WHAT THE TASK ASKS:
Every line of the material is to be transcribed verbatim, with images omitted.

MATERIAL PROVIDED:
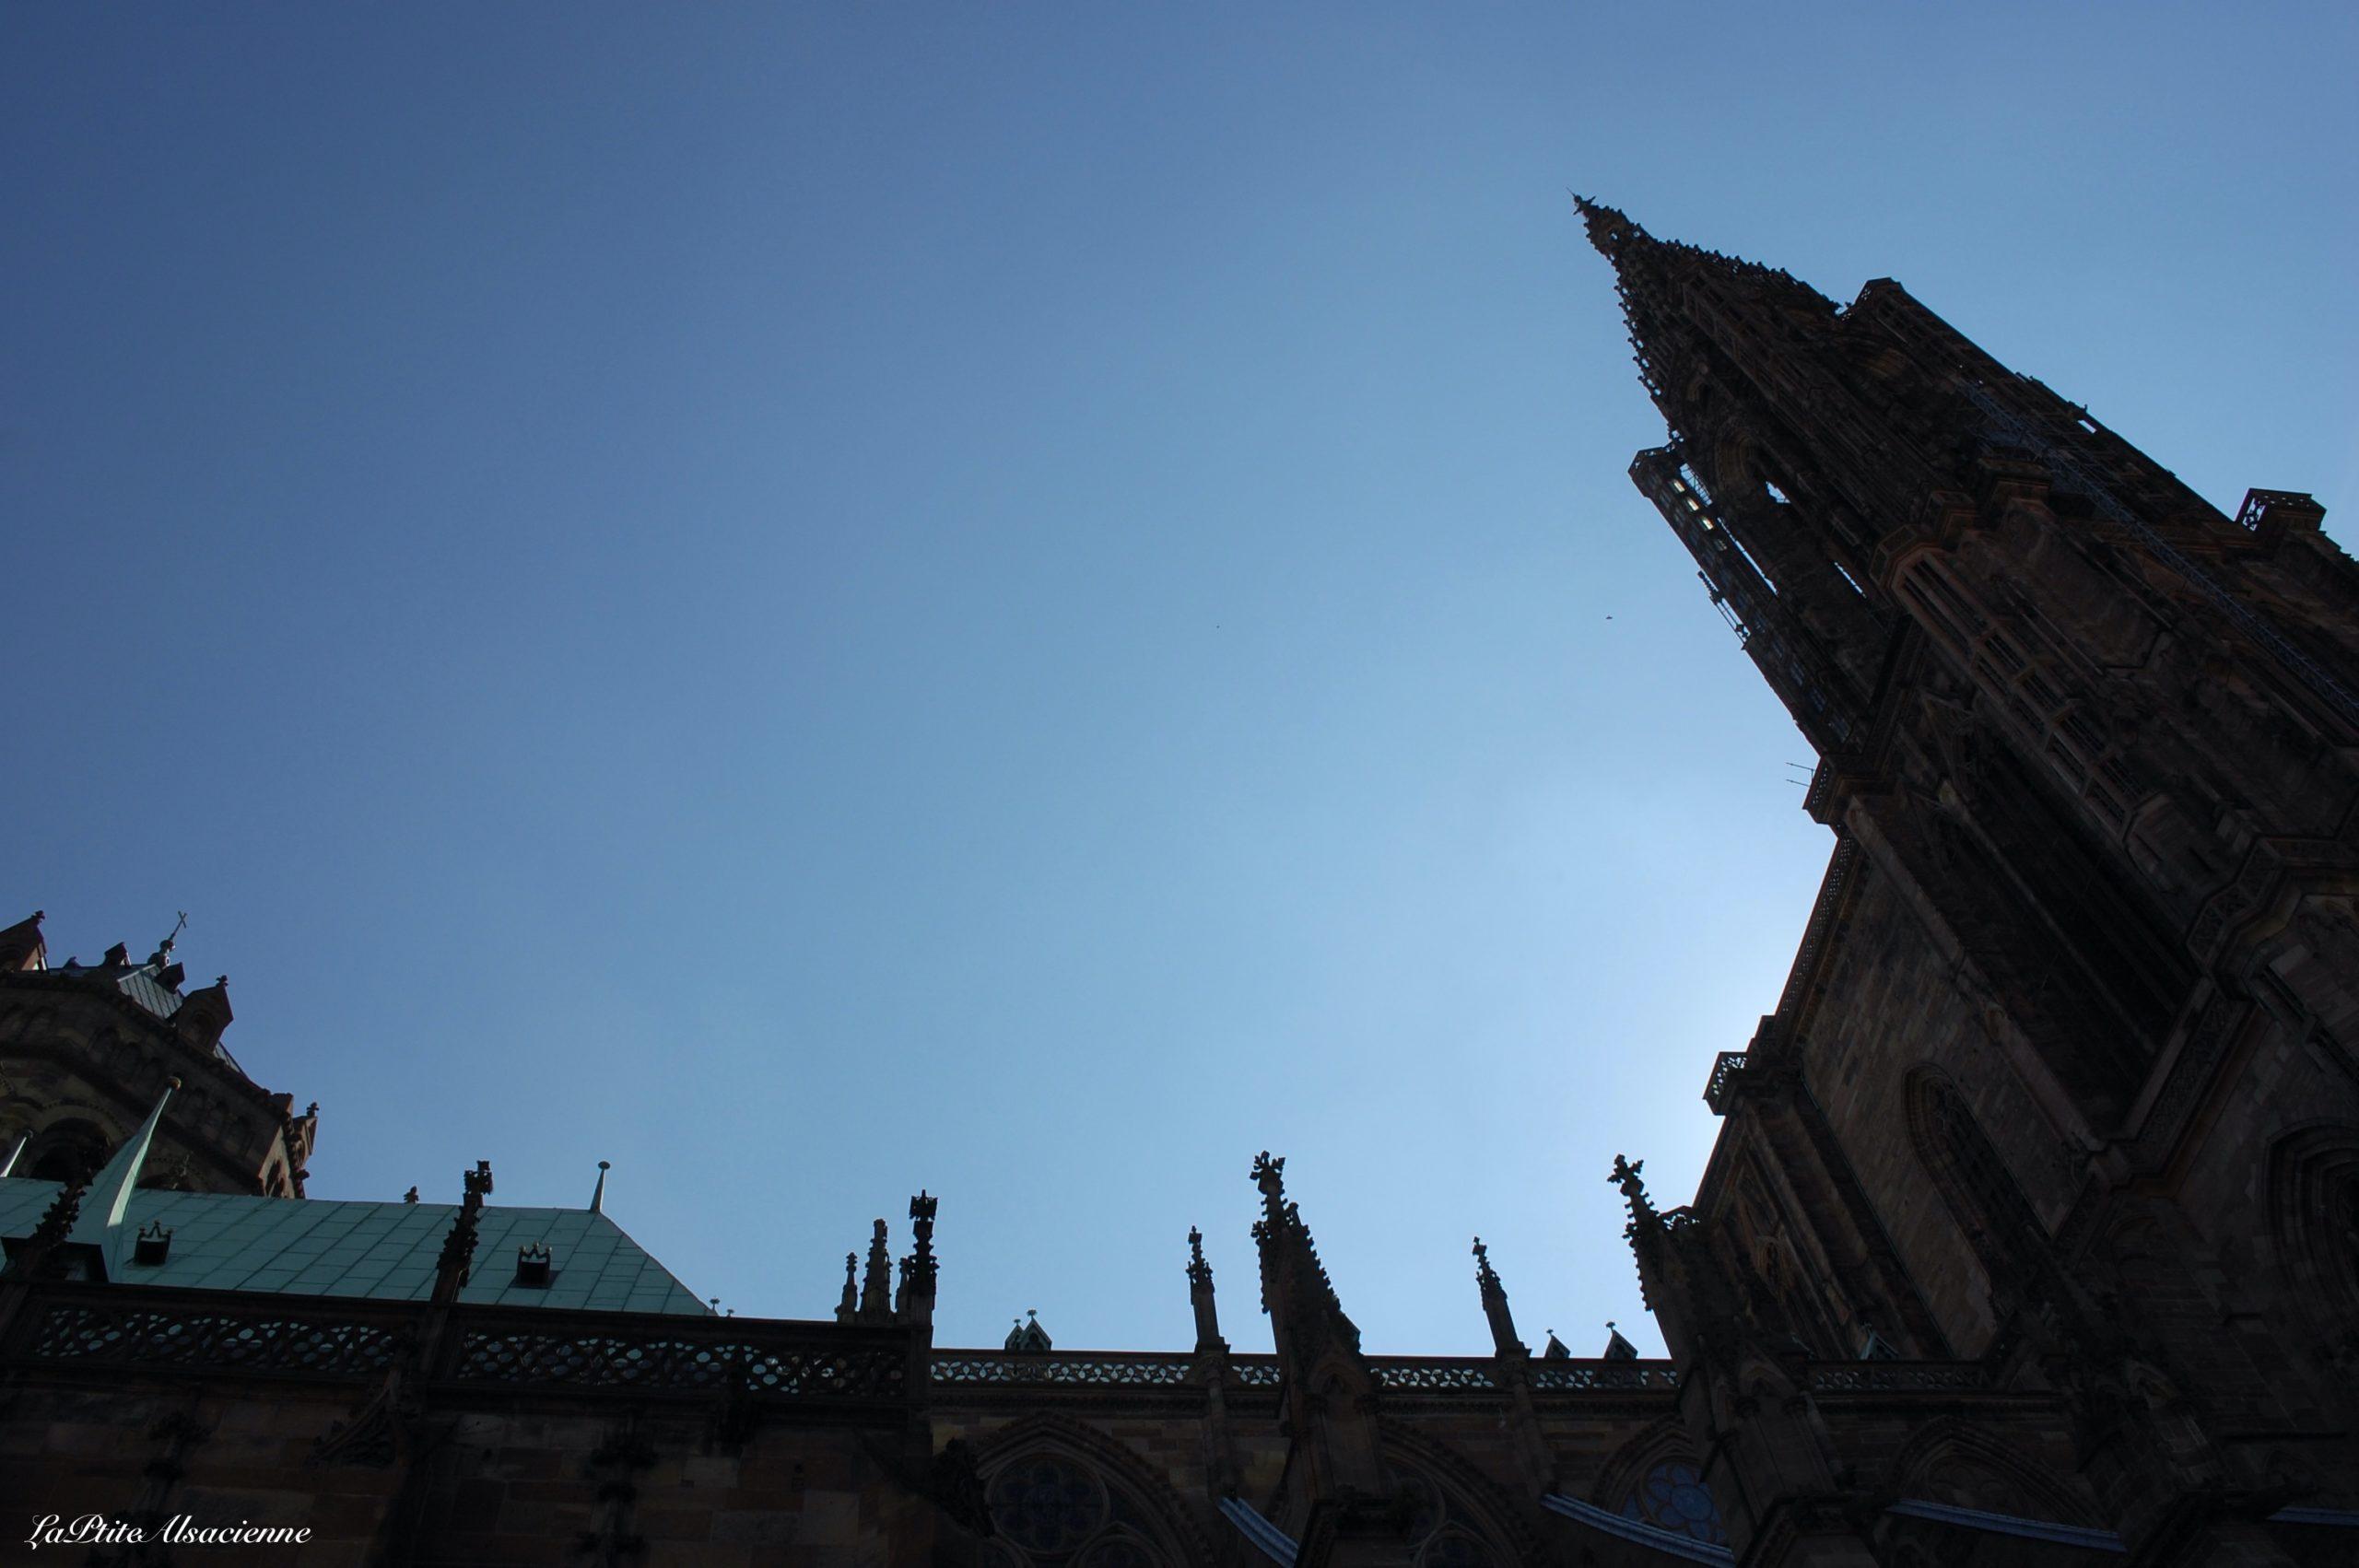 Cathédrale de Strasbourg - Photo de Cendrine Miesch
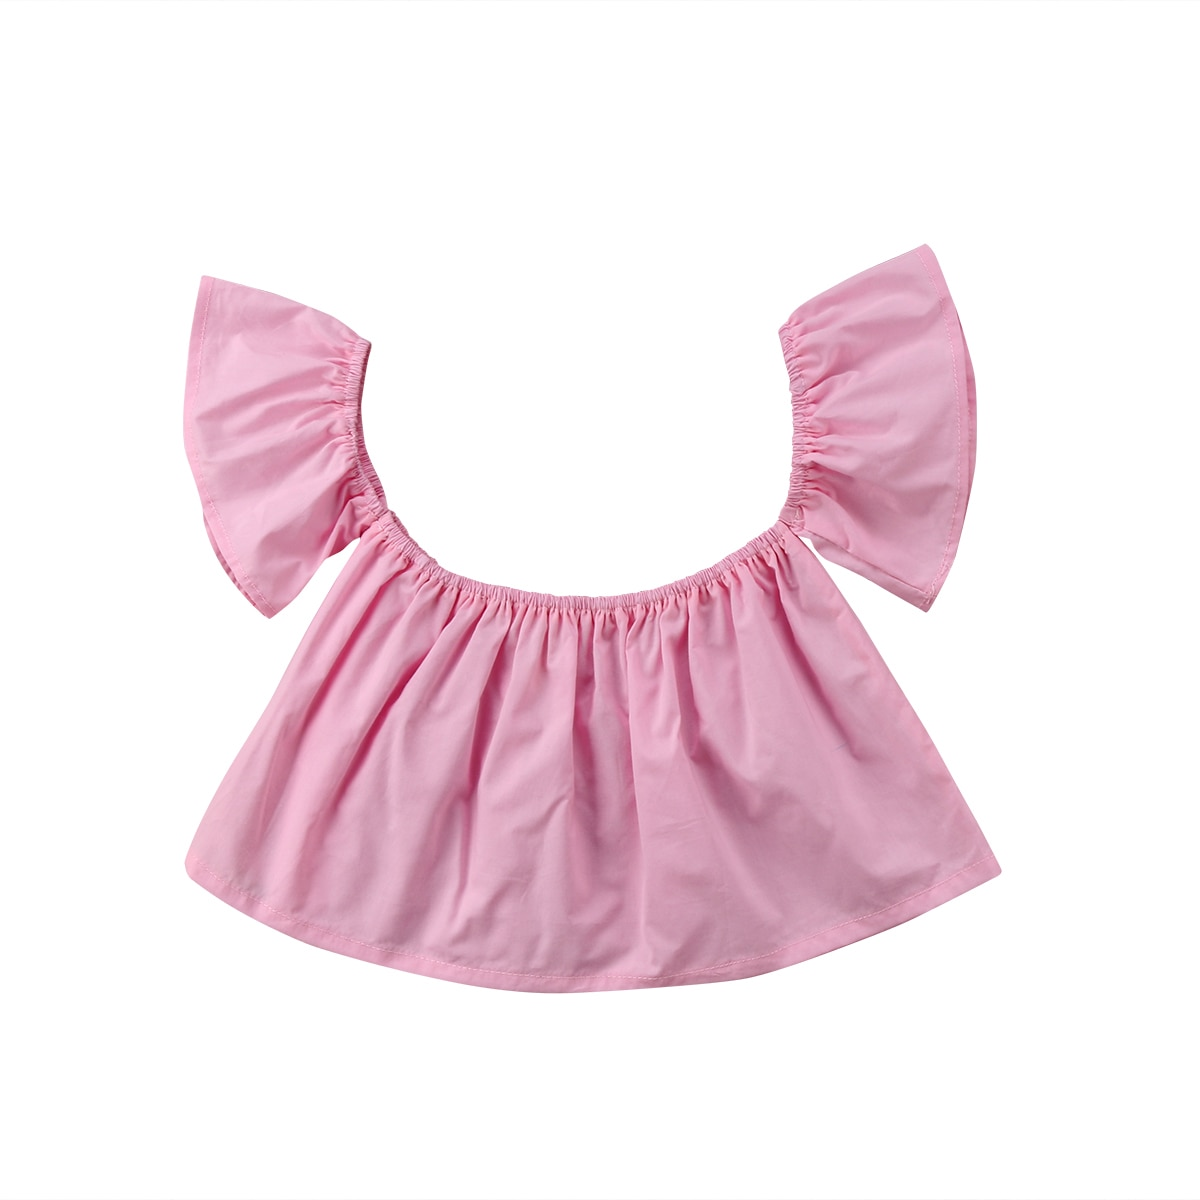 Newborn Baby Girls Princess Wedding Sunsuit Blouse Shirts Jumper Off Shoulder Cotton Sleeveless Summer Crop Top Clothing Blouses
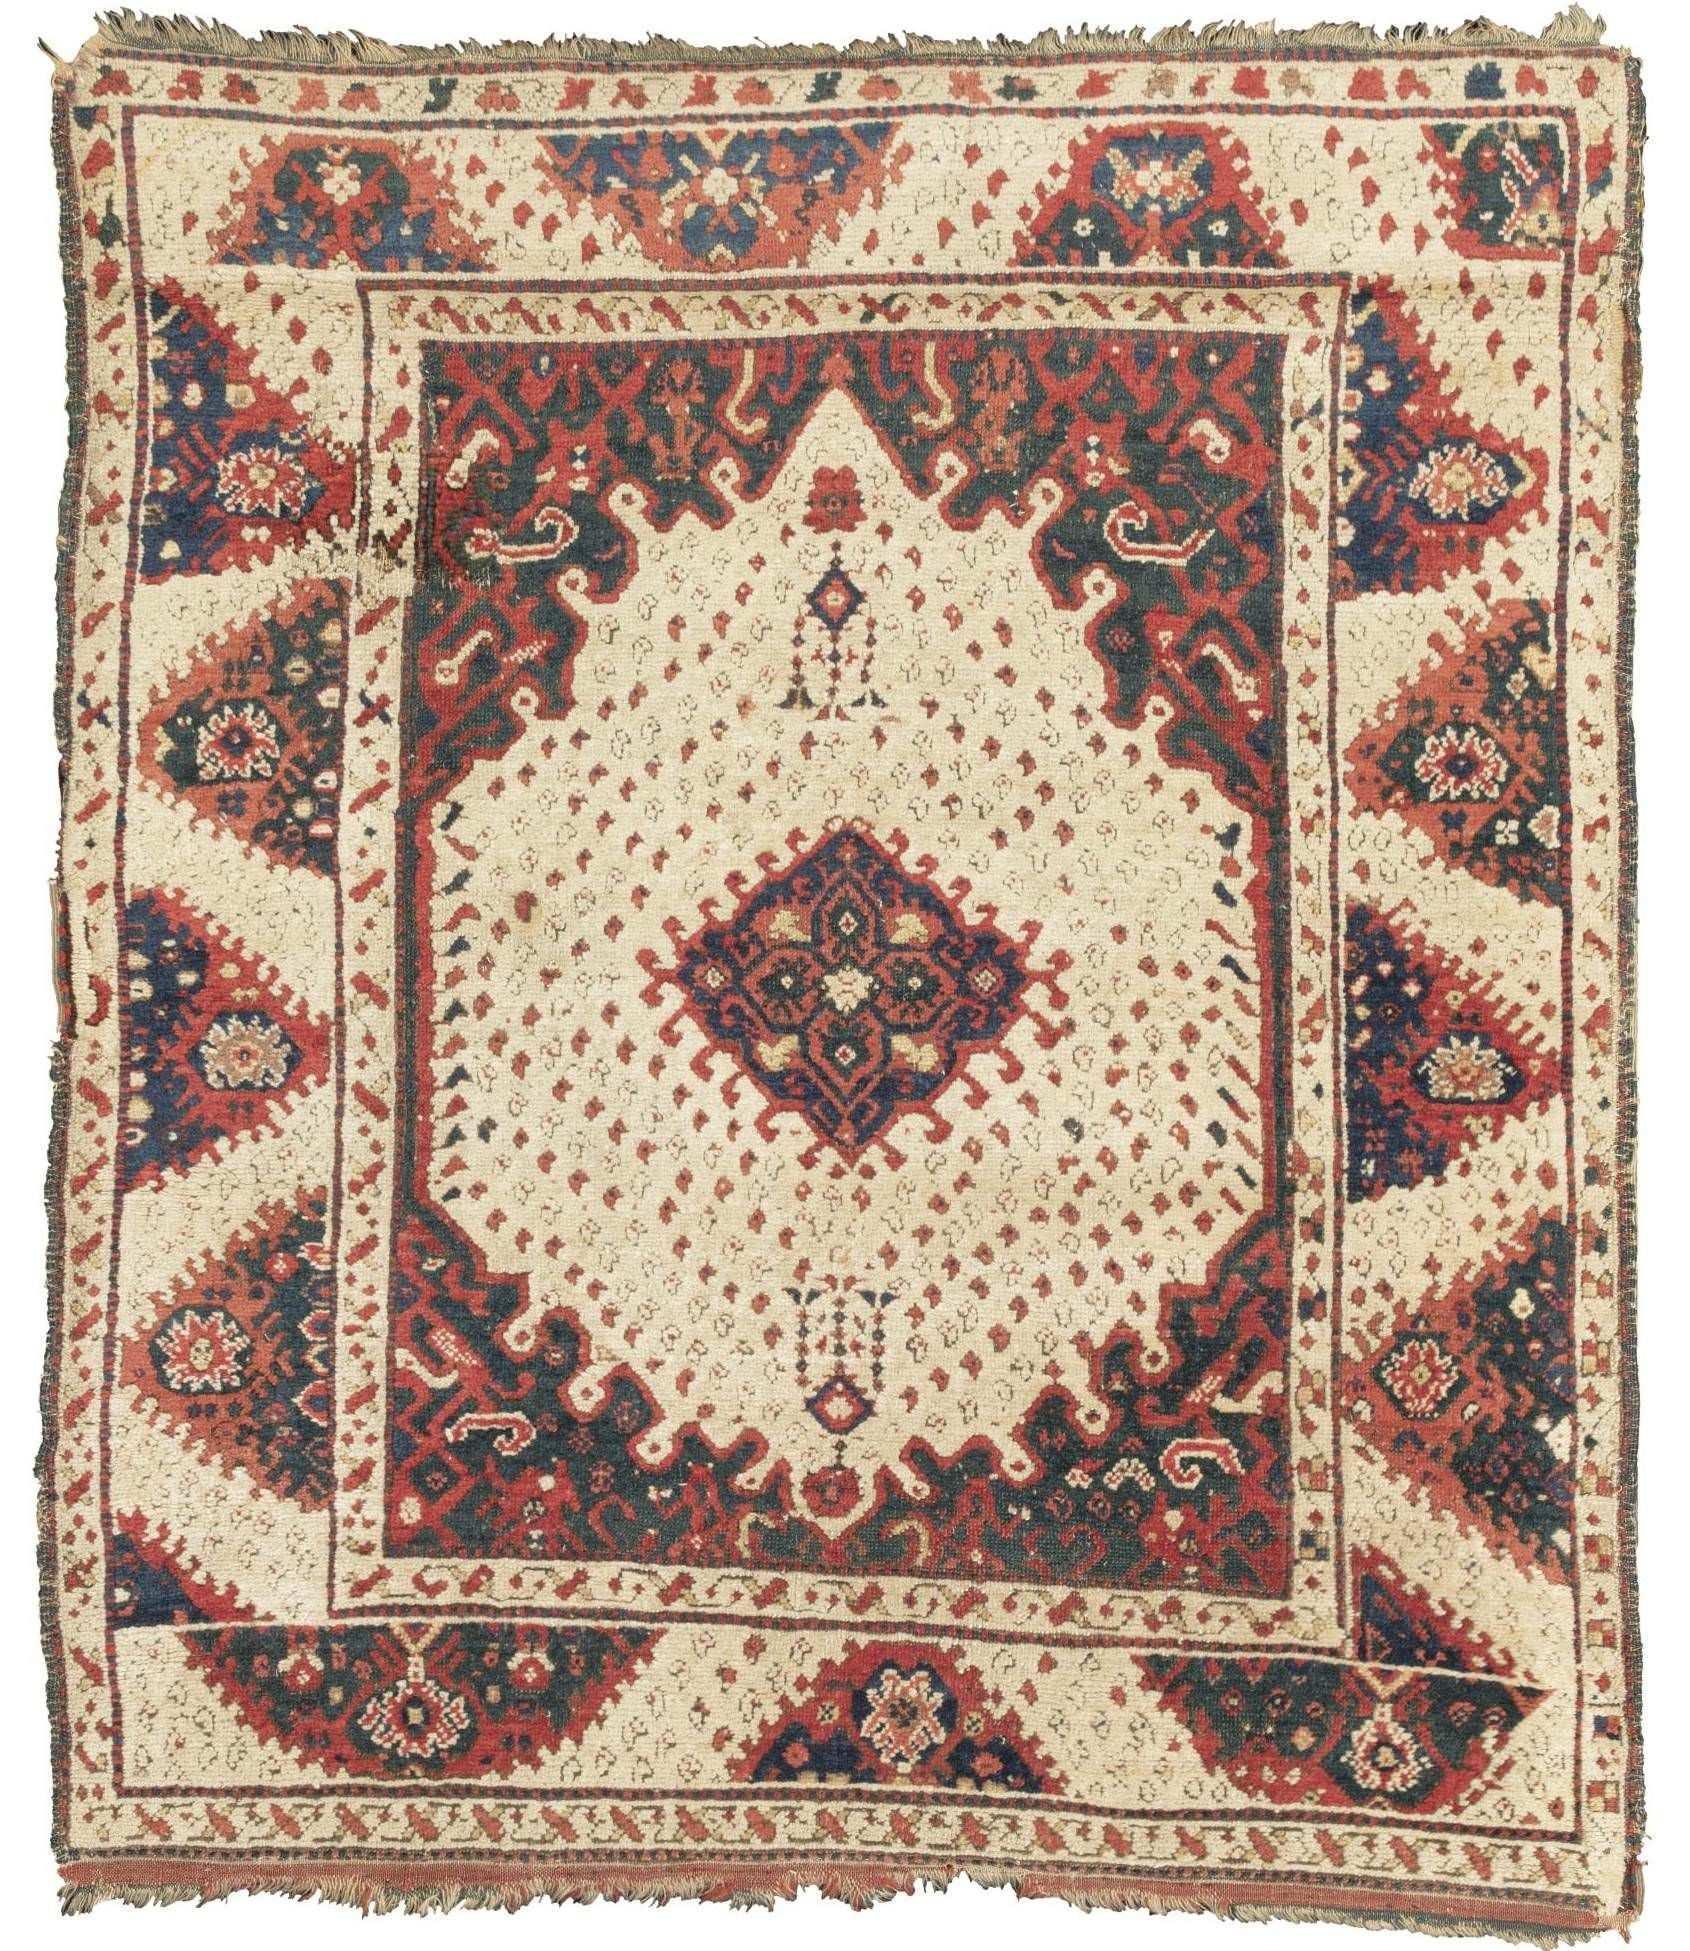 Kiz Ghiordes Rug West Anatolia Turkey Tribal Carpets Rugs Rugs On Carpet

RESPONSE TO THE TASK:
 Cathédrale de Strasbourg - Photo de Cendrine Miesch
 Newborn Baby Girls Princess Wedding Sunsuit Blouse Shirts Jumper Off Shoulder Cotton Sleeveless Summer Crop Top Clothing Blouses
 Kiz Ghiordes Rug West Anatolia Turkey Tribal Carpets Rugs Rugs On Carpet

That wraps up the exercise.